Justement, la préparation sera cruciale, puisque la composition des Bisons ne ressemble en rien à ce que les joueurs des Carabins sont habitués et ils devront se préparer pour quelque chose qu'ils n'ont encore jamais vu cette saison.

«C'est une équipe très physique: je pense que leur ligne offensive à une moyenne de six pieds quatre, six pieds cinq et à peu près 310 livres, a fait remarquer l'entraîneur. Ils vont tenter d'établir leur jeu au sol. Ils ont un excellent receveur qui va probablement être repêché dans les deux premières rondes en 2015.
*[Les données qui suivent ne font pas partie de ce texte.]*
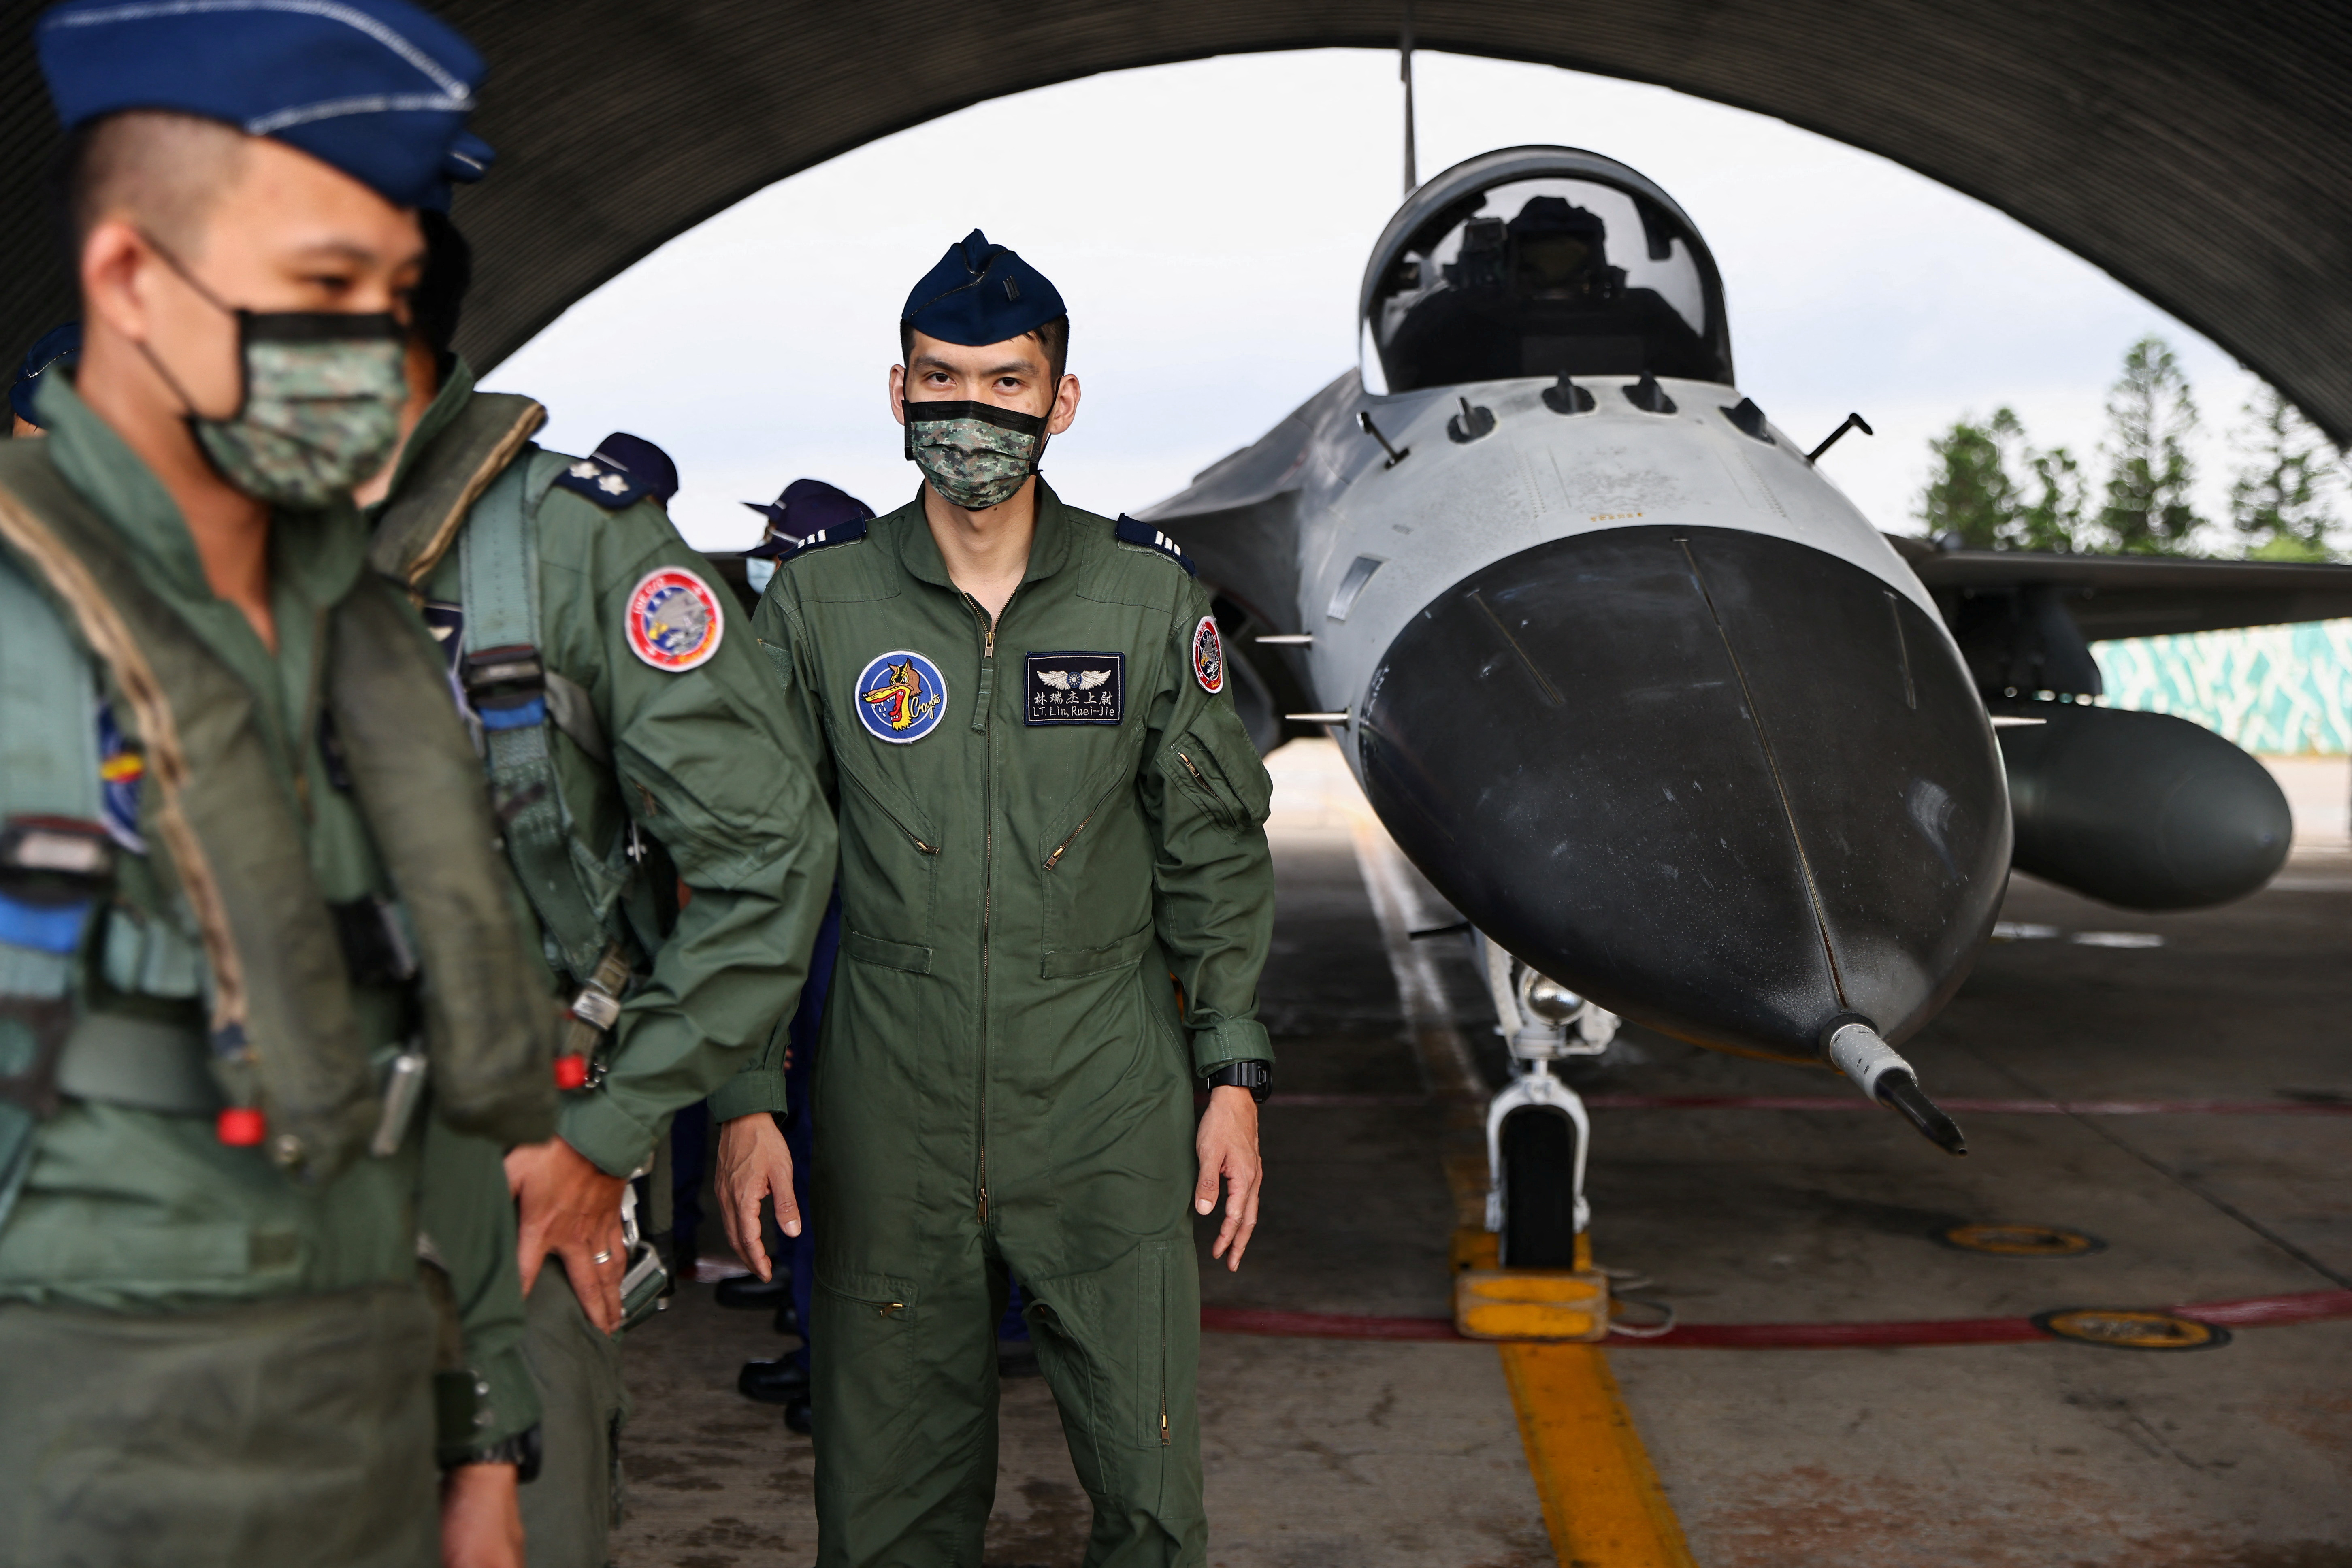 Pilots leave after an event at an Air Force base in Penghu Islands

«Défensivement, c'est une équipe très active sur la ligne. C'est le prototype d'une équipe de l'Ouest canadien: ils sont gros, ils jouent un football physique avec une certaine attitude. Ce sera toute une bagarre sur la ligne de mêlée. Nous devrons la gagner si on espère sortir vainqueur de ce duel.»

Déjà mis en vente depuis samedi soirs, les billets pour le duel de samedi s'envolent à un bon rythme: 3200 ont déjà trouvé preneurs, alors que la capacité maximale du CEPSUM est de 5100 spectateurs.